Thursday, July 13, 2006

Inflation: Is WPI fallible?

The textbooks define Inflation as a situation where too much money chases too few goods i.e. the purchasing power of money has decreased. Actually, only an increase in the general price level for a considerable period of time is called as Inflation in Economics. The 2 major causes are Demand pull factors and Cost push factors. The present reason for inflation to increase is owing to the increase in the global prices of oil which comes under cost push factors.

What is the WPI?
Wholesale price index or WPI is the measure for inflation in India. The government comes out with WPI inflation figures every Friday. The WPI presently consists of 435 items and it is dominated by manufactured goods which make up 63.75% of the index.

Current scenario
In 2005-06 inflation has been experiencing a free fall in spite of escalating crude prices.
Currently the inflation rate is about 4.6% which is clearly undervalued as when compared to the increases in the prices of goods and services. The prices of pulses, transportation has all increased considerably but the WPI does not seem affected much.

Components of WPI
In the computation of WPI, the 3 major variables are Primary articles (weight 22.0), Fuel, power, light and lubricants (weight 14.2) and manufactured products (weight 63.7). Manufactured products have always enjoyed more weight in the calculation of WPI.

Cause of worry
One reason is that, the prices of commodities are increasing due to the increased costs, mainly in transportation. But there has been no corresponding increase in wages. The people who are poor will find it difficult to live as they were living before the price hike.
The second is that, the retailers take advantage of this situation by hoarding up commodities, further fuelling inflation. And the third reason is that, services do not form a part of the WPI though its share in the GDP is 52%. Surprisingly, the WPI inflation rates are just hovering between 4.5% and 5%, which tells us not to worry. History has told us to take inflation rates seriously only if the rate crosses 8%.

Government reaction
The government has decided to reduce customs duties on imports of wheat and sugar in order to increase the domestic supply. The government wants to reduce inflationary pressures by mopping up the excess demand in the economy.

A paradox
Like mentioned in the beginning of this article, the current cause of inflation is an increase in the global oil prices which is a cost push factor. How can the government be so blind in not seeing this? Instead it has gone to the extent of giving duty free imports to reduce excess demand in the economy, when there has been no excess demand!

The immediate step to take will be the reconstruction of the WPI so that it indicates the genuine level of inflation. Like our outdated poverty line, which tells that only about 26% of the Indian population is poor, the current WPI is also outdated.



aashish said...

just shows how our government manipulates statistics to protect itself. first the poverty line, then the literacy rate, and now this.
this is ridiculous.

Anonymous said...

Anonymous said...

ddoooooooodeeeeeeee ur a frikiinnn geniussss
i love uuuuuuuuuuuuuuuuuuuu

arvind said...


Nishid said...

Hi friendz, i am an mba student and i have to give a presentation on "Calculation of Inflation in India". Would be grateful if anyone could help me out on this......thanx.....

carthy said...

Each and every statement that congress makes is a perfect paradox and will let you fall into deepest of limbos.
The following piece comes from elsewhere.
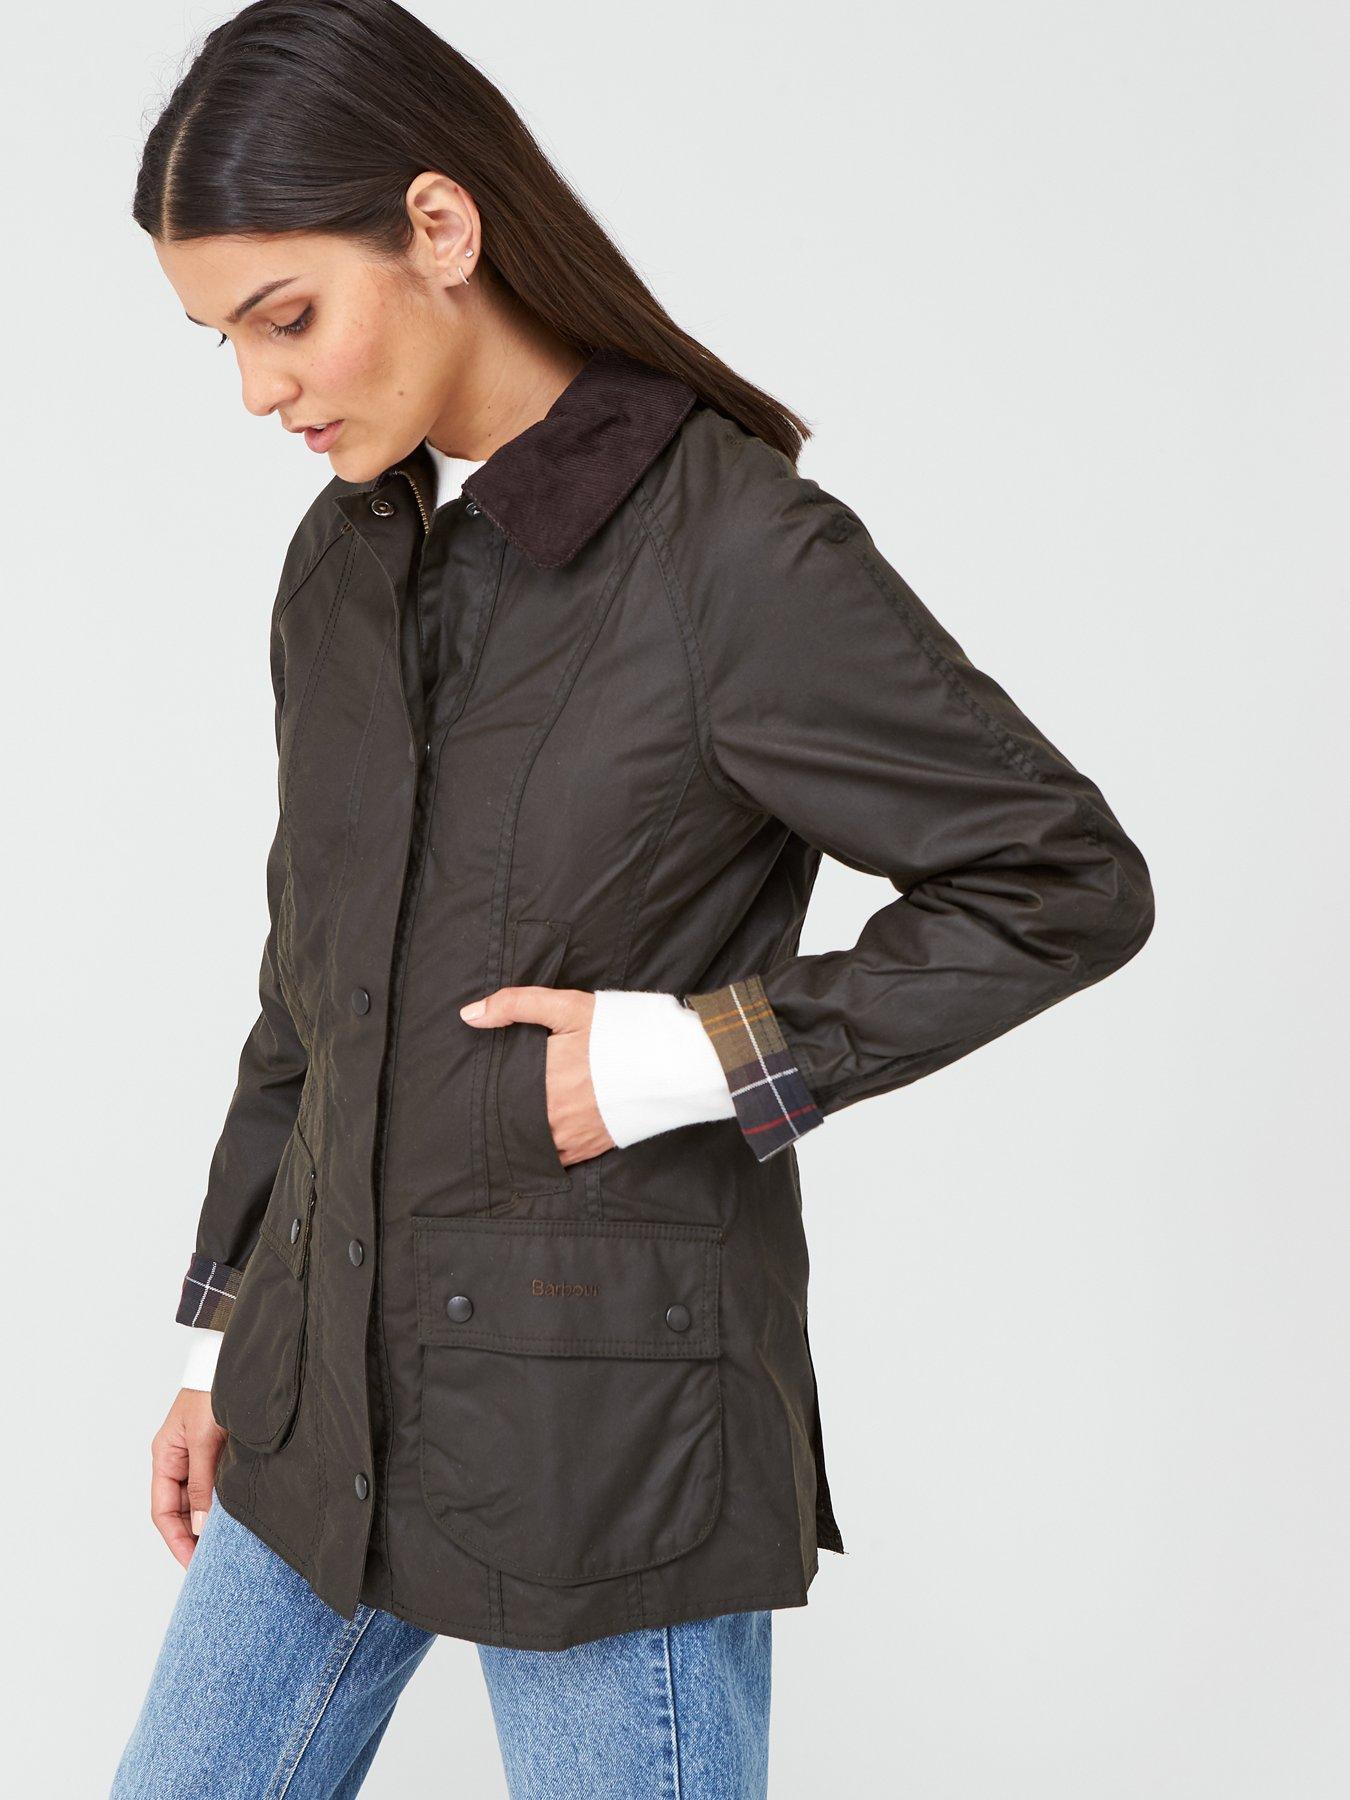 barbour womens jackets ireland Cheaper

LOL. First, to reduce food price hike's effects, even an uneducated commoner would suggest to increase the Local production to meet its urgent demand then and there near the demand center in order to avoid transportation costs and delivery delay but our intelligent and so called "modernized" congress had suggested to decrease the excise duties in order to encourage more import of food grains including wheat when we are wasting colossal amounts of Wheat due to the lack of proper storage facilities and amidst of all this comes our very responsible and venerable agriculture minister Mr. Sharad Pawar, who genuinely believes that this problems with Agriculture production's steep fall, internal food price hike, scanty monsoon rain and relative danger that food front of India face as much less severe than the problems we face with cricket and its management so he had requested Mr. Prime Minister to reduce his work burden as an agricultural minister since he wants to divert is entire attention in developing cricket. Not to mention that the interest he shows in cricket brings in a lot of suspicion but the idea of ignoring agriculture for the sake of cricket lacks ingenuity and is a lot derisory.

Anonymous said...

well said Carthy !!!

but these politicians are very thick skinned !!!
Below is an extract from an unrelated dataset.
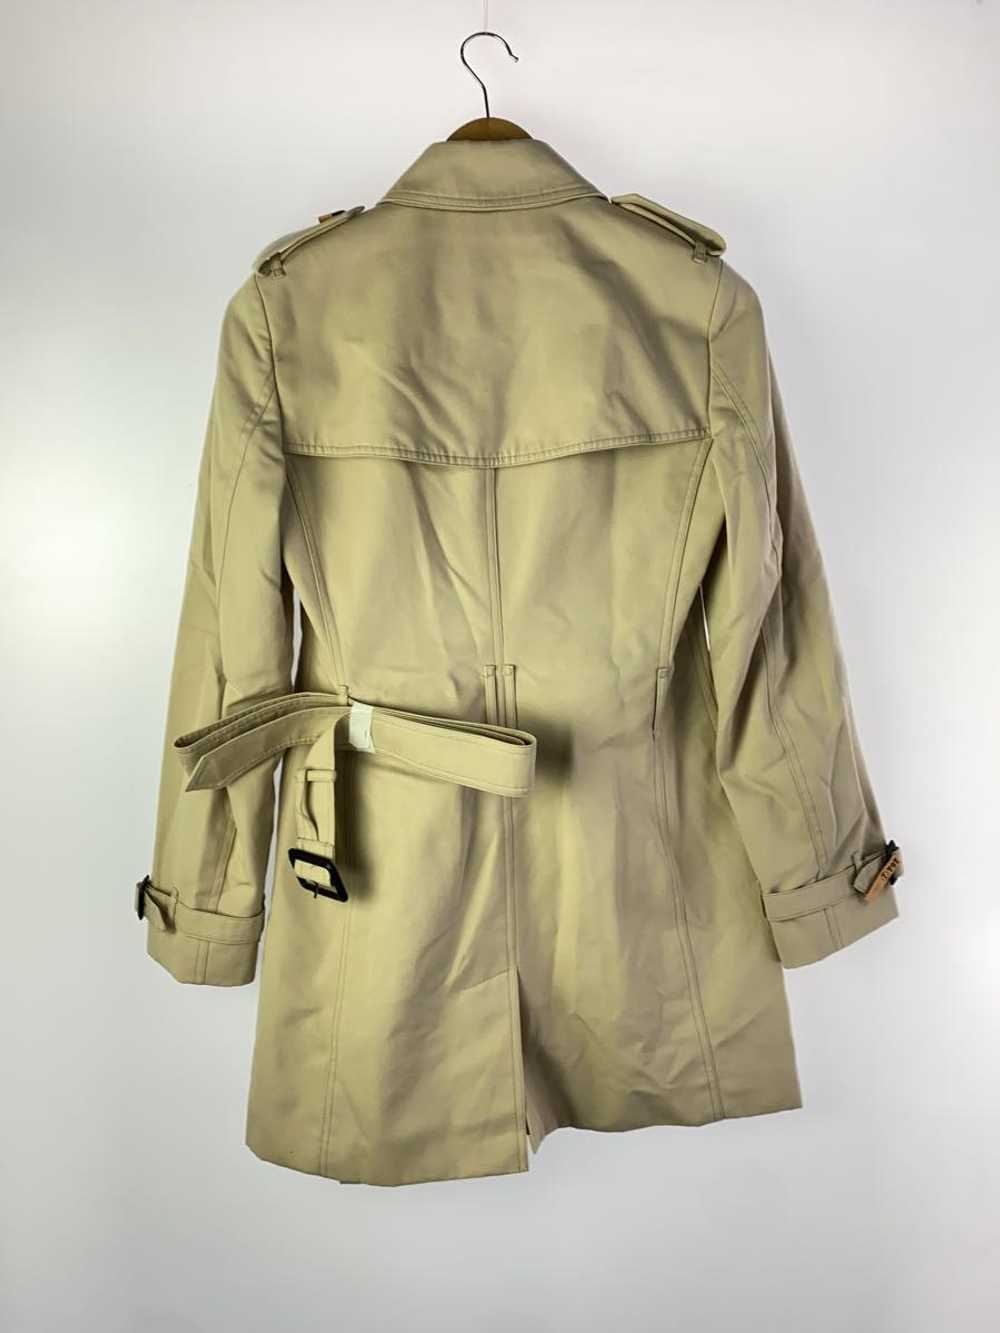 Burberry  London Short Trench Coat 36 Cotton  Wear - image 2

the sharp edge of an imminent revolution can skin them !!!

mcx tips said...

I think so. The purpose of the WPI is to monitor price movements that reflect supply and demand in industry, manufacturing and construction.The Wholesale Price Index or WPI is the price of a representative basket of wholesale goods. This helps in analyzing both macroeconomic and microeconomic conditions.The Wholesale Price Index focuses on the price of goods traded between corporations, rather than goods bought by consumers, which is measured by the Consumer Price Index.Some countries use the changes in this index to measure inflation in their economies, in particular India – The Indian WPI figure is released weekly on every thursday and influences stock and fixed price markets.